I’ve read some speculation online that the Abbie baby supposedly looks more human and less mutant than the other Abbies, which suggests that the Abbies will evolve back into humans. I didn’t notice that myself. If true, I guess this is meant to play into what we’ve learned about the Abbies having a queen leader and some sort of social structure, including a brief glimpse we catch of an Abbie town with a giant hut in the center. They’re not purely feral monsters. They can think and use tools and have feelings. If the show were to get renewed for a third season, I kind of like the idea of the survivors waking up even further in the future to find themselves in the middle of an actual Abbie civilization.

These ideas are potentially interesting. I just wish the series were better at acting on them. The biggest problem with the second season is that the show had basically no likeable or sympathetic characters. Theo, our presumptive hero, was a tremendous wet blanket the entire season. His only saving grace was that he was a moral voice of reason speaking up against Jason’s dictatorship. Nonetheless, in the finale, he follows through with Jason’s plan to leave half the town to die without so much as a warning, and then (from out of the blue) decides to commit genocide on the Abbies, even though he’d objected many times earlier in the season to killing Abbies or experimenting on them like lab rats. In addition to that, he gleefully rubs it in Kerry’s face that she had sex with her own son, for no other reason than to be a dick. I don’t know that I could stand another year of the show with him as the lead.

As for the episode itself, despite having a professional filmmaker (Ti West of ‘The House of the Devil‘ and ‘The Innkeepers‘) at the helm, the finale is slackly paced, confusingly structured, tediously repetitive, and completely forgets about a storyline involving looting and riots in the town. If the final scene with the Abbie baby is supposed to be some sort of zOMG! twist, it’s incredibly limp and doesn’t work at all.

The Fox network hasn’t yet announced whether ‘Wayward Pines’ will be canceled or renewed for another season. I think it should stop here. The show just isn’t good enough to drag on for a third year. Frankly, it wasn’t good enough for a second.

3 comments

  1. Theo was pretty lame. There was no need to just abandon the second group. Simply have them enter the damaged pods, rigged to kill them painlessly.

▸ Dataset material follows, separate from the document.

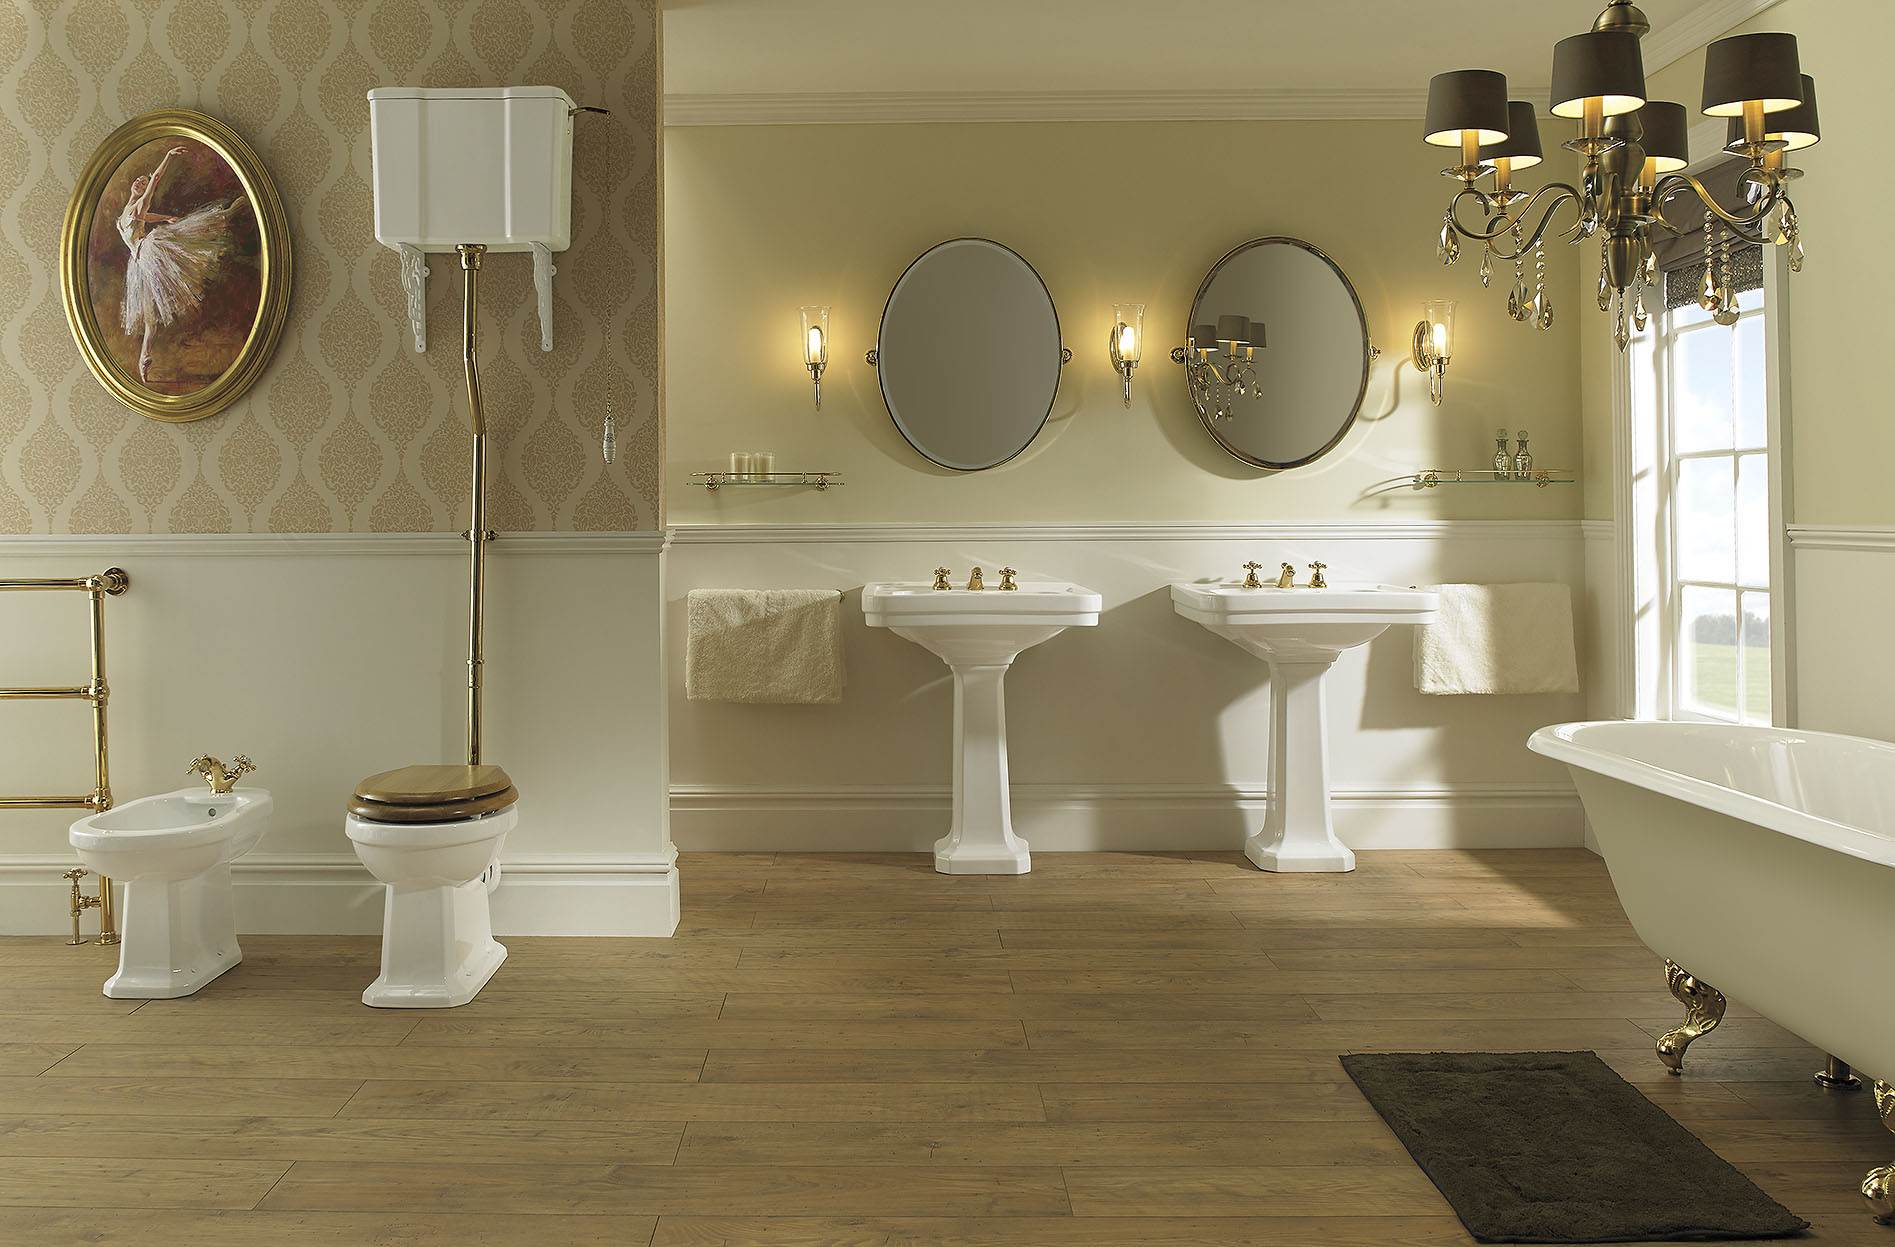 Imperial-Bathrooms Badexclusief luxe klassiek sanitair.

    But that issue exposed another; how could all the trappings of 20th-century life still work when they didn’t have the expertise to maintain it – or the materials to replace it?

    • Josh Zyber
      Author

      This was a major problem I had with the premise of the show. If Pilcher carefully chose people to bring to his new society based on their skills and usefulness, why did he then assign so many of them to menial tasks like making toys or selling candy? What’s the point of bringing Rebecca, the chief architect of the town, to the future only to have her cut hair?